**Exercise data:**

************

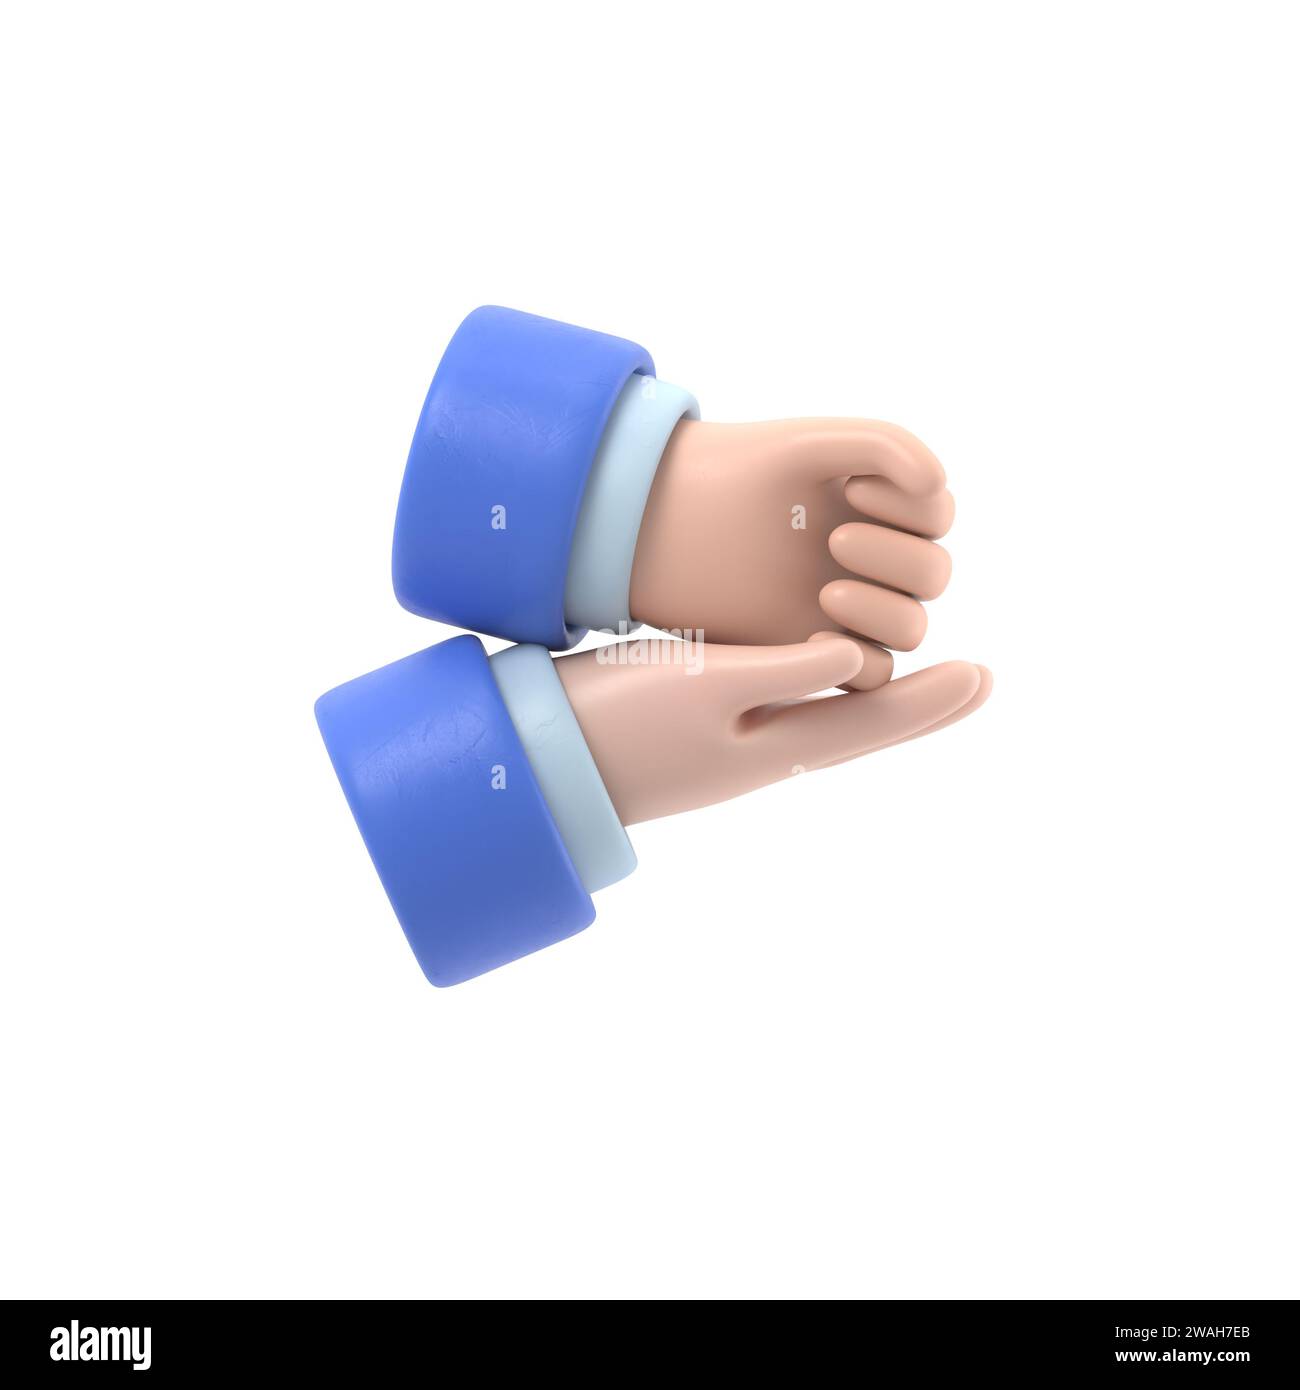 HILFE BEI der Geste ASL. Handgeste, Handfläche und Faust. Nonverbale Kommunikation. Sprachgesten. Flache 3D-Illustration. Handsymbol.3D-Rendering auf weiß Stockfoto
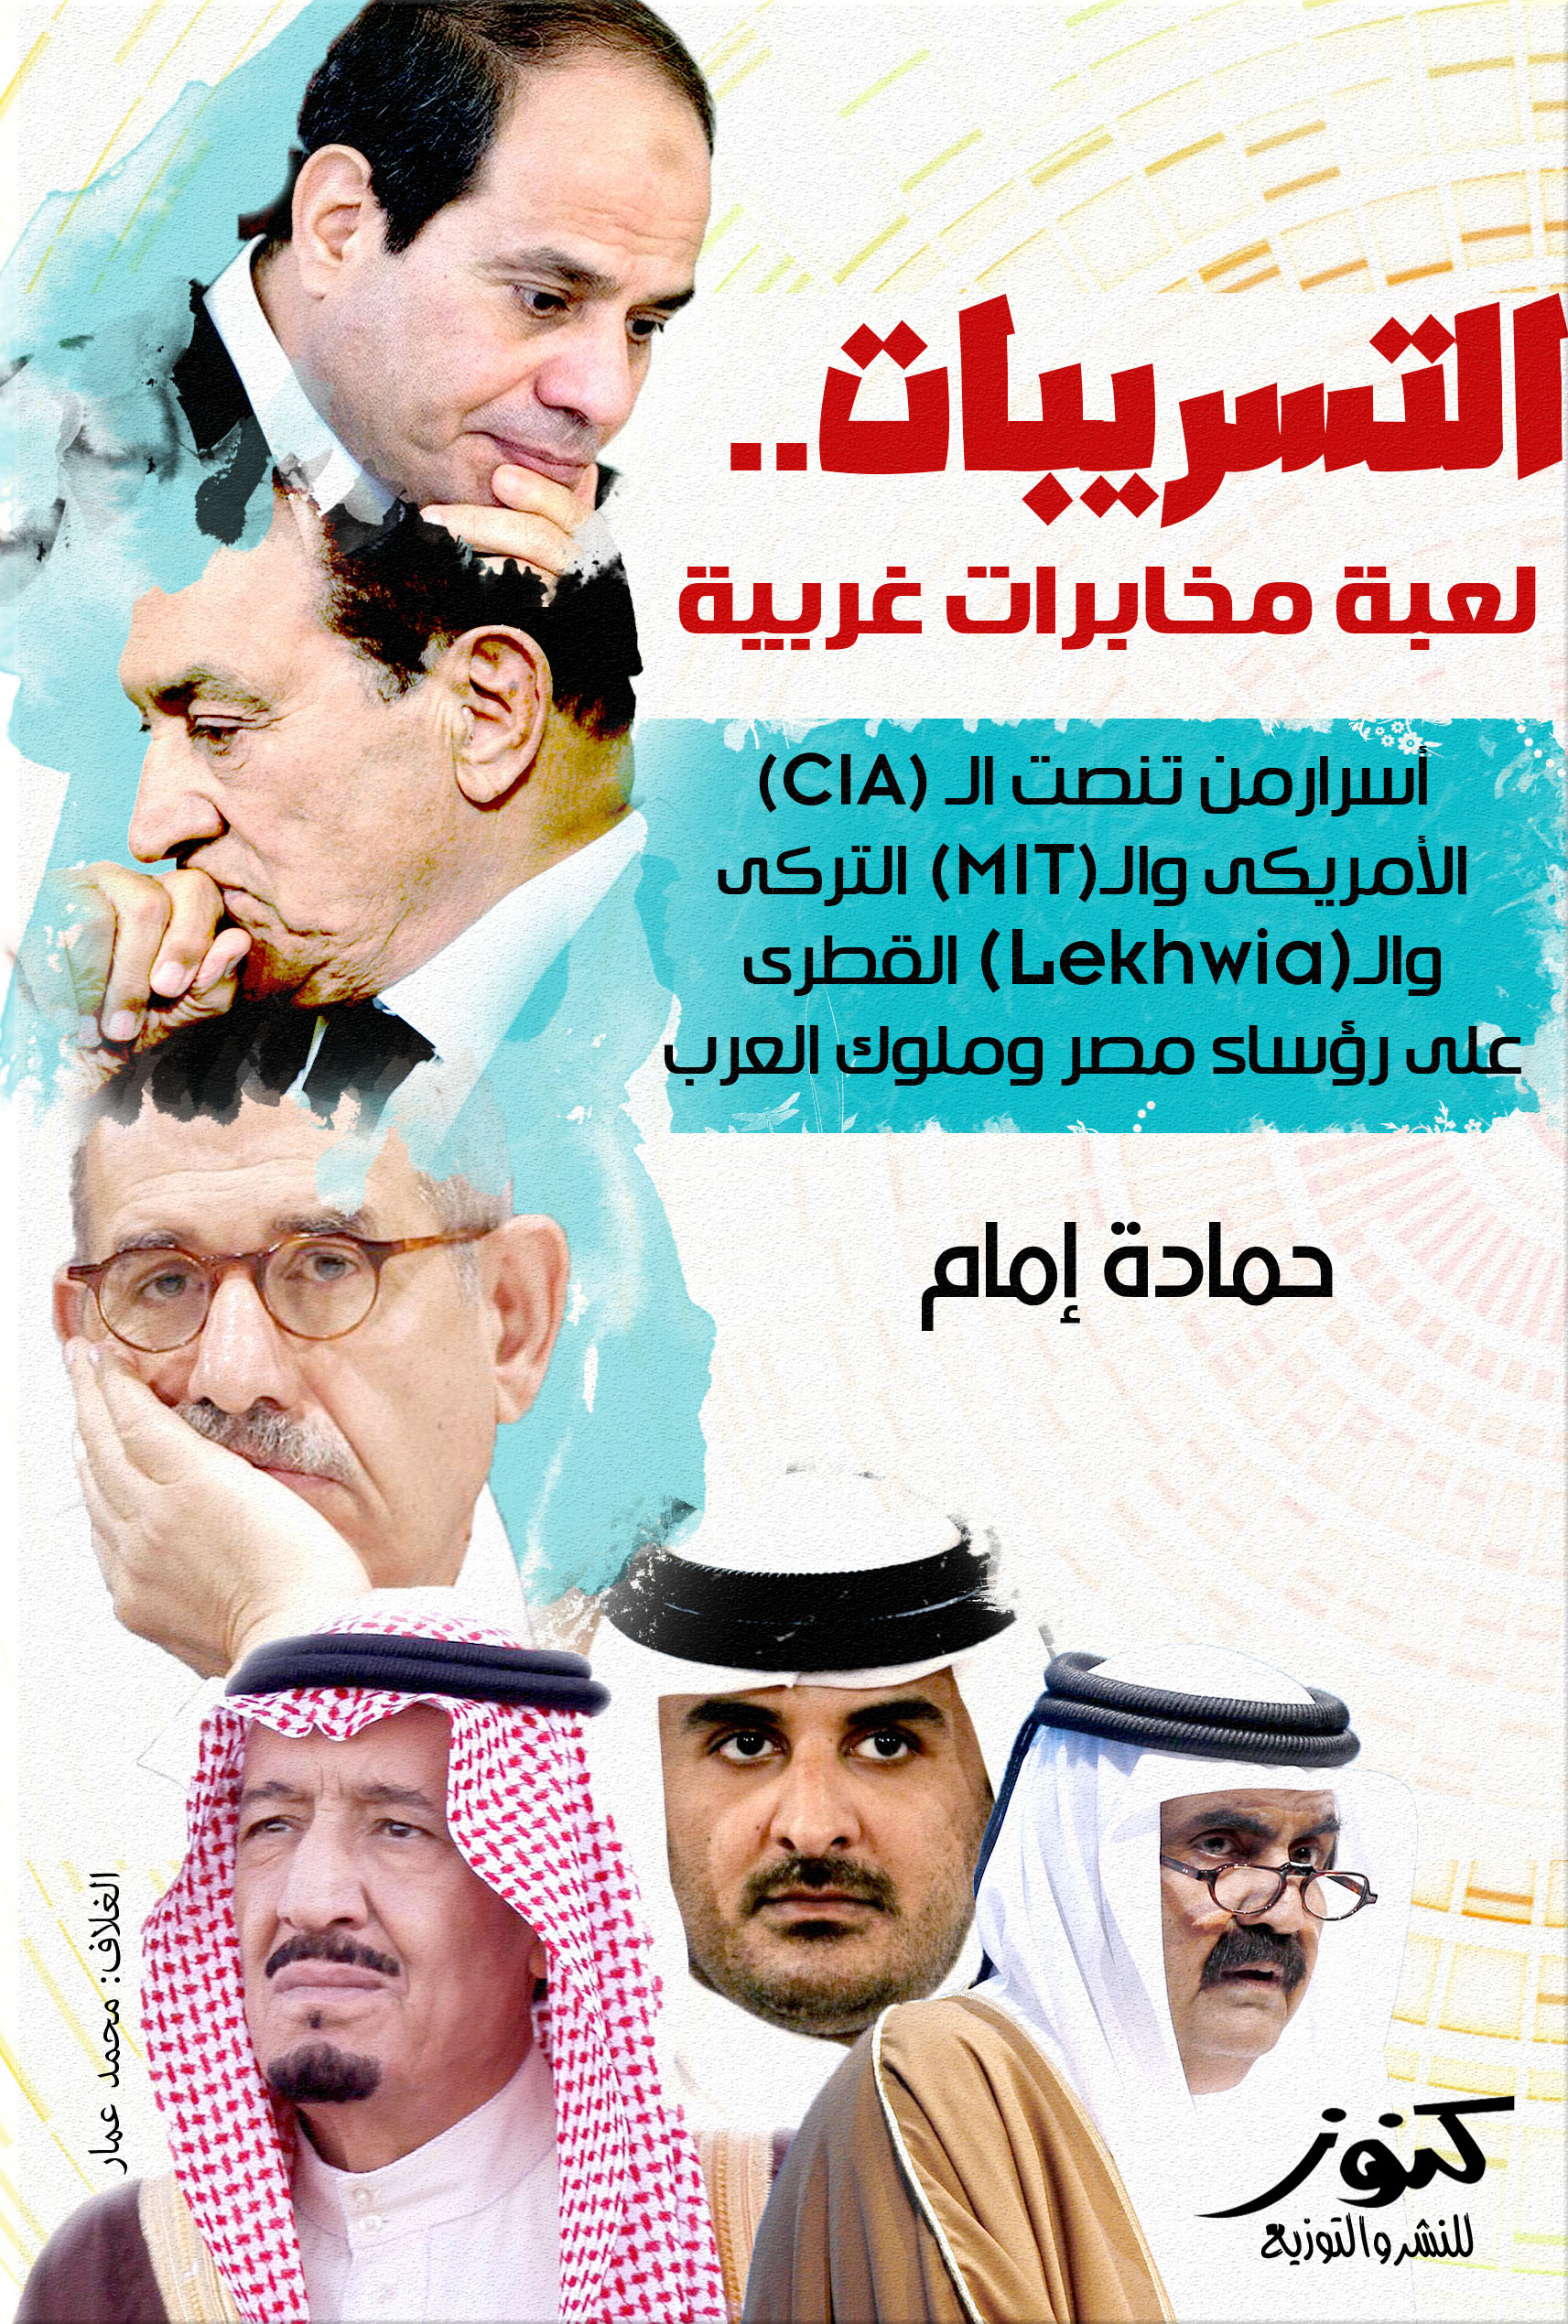 التسريبات - لعبة مخابرات غربية " أسرار من تنصت ال (CIA) الأمريكي وال (MIT) التركي وال (Lekhwia) القطري على رؤساء مصر وملوك العرب "
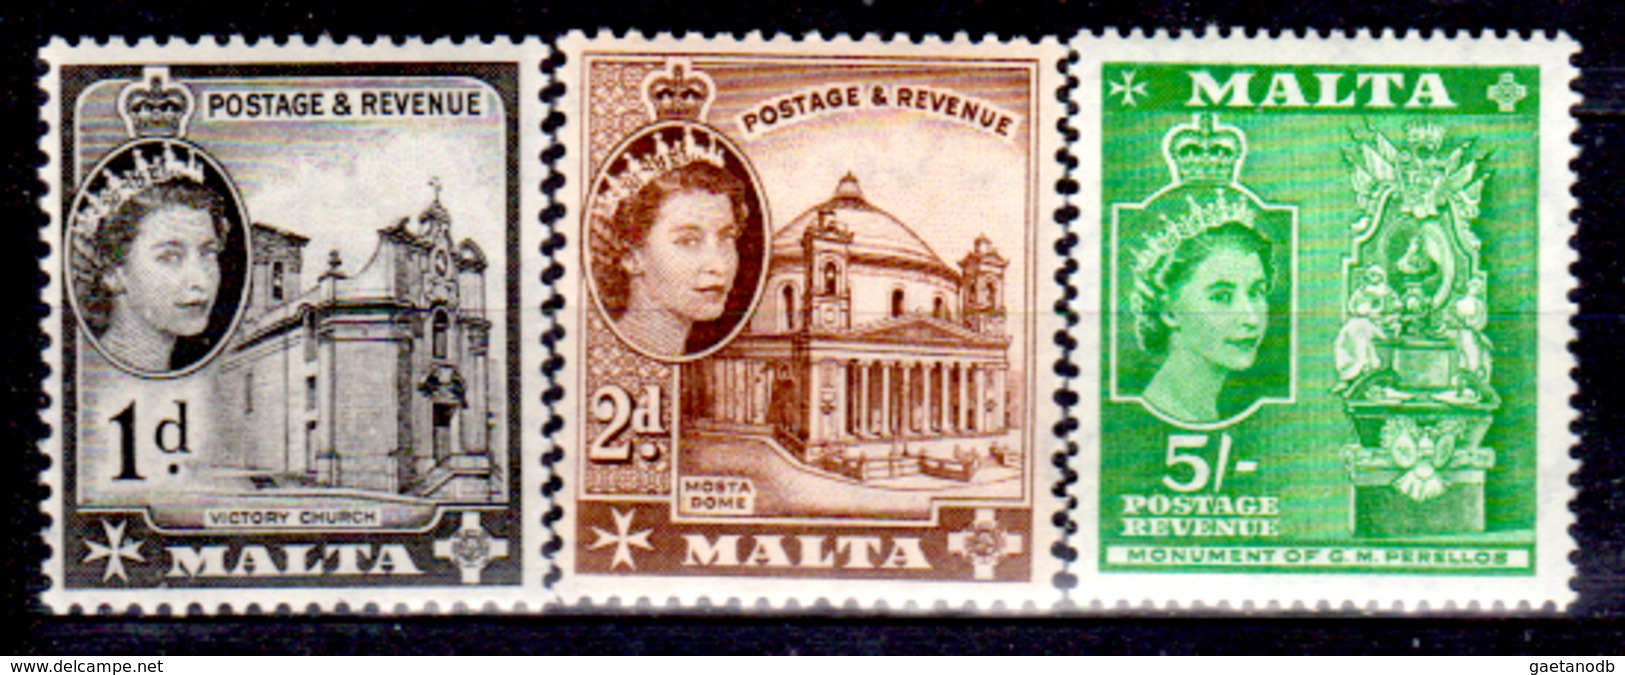 Malta-168 - Emissione 1956-57 (++) MNH - Valutato Solo Il 5 Sh.- Senza Difetti Occulti.) - Malta

************

Nothing but the lines from the line containing "التسريبات - لعبة" through the end of the data, both ends included, is to be reproduced, exactly as written and without the pictures.

**Problem solution:**
 التسريبات - لعبة مخابرات غربية " أسرار من تنصت ال (CIA) الأمريكي وال (MIT) التركي وال (Lekhwia) القطري على رؤساء مصر وملوك العرب "
 Malta-168 - Emissione 1956-57 (++) MNH - Valutato Solo Il 5 Sh.- Senza Difetti Occulti.) - Malta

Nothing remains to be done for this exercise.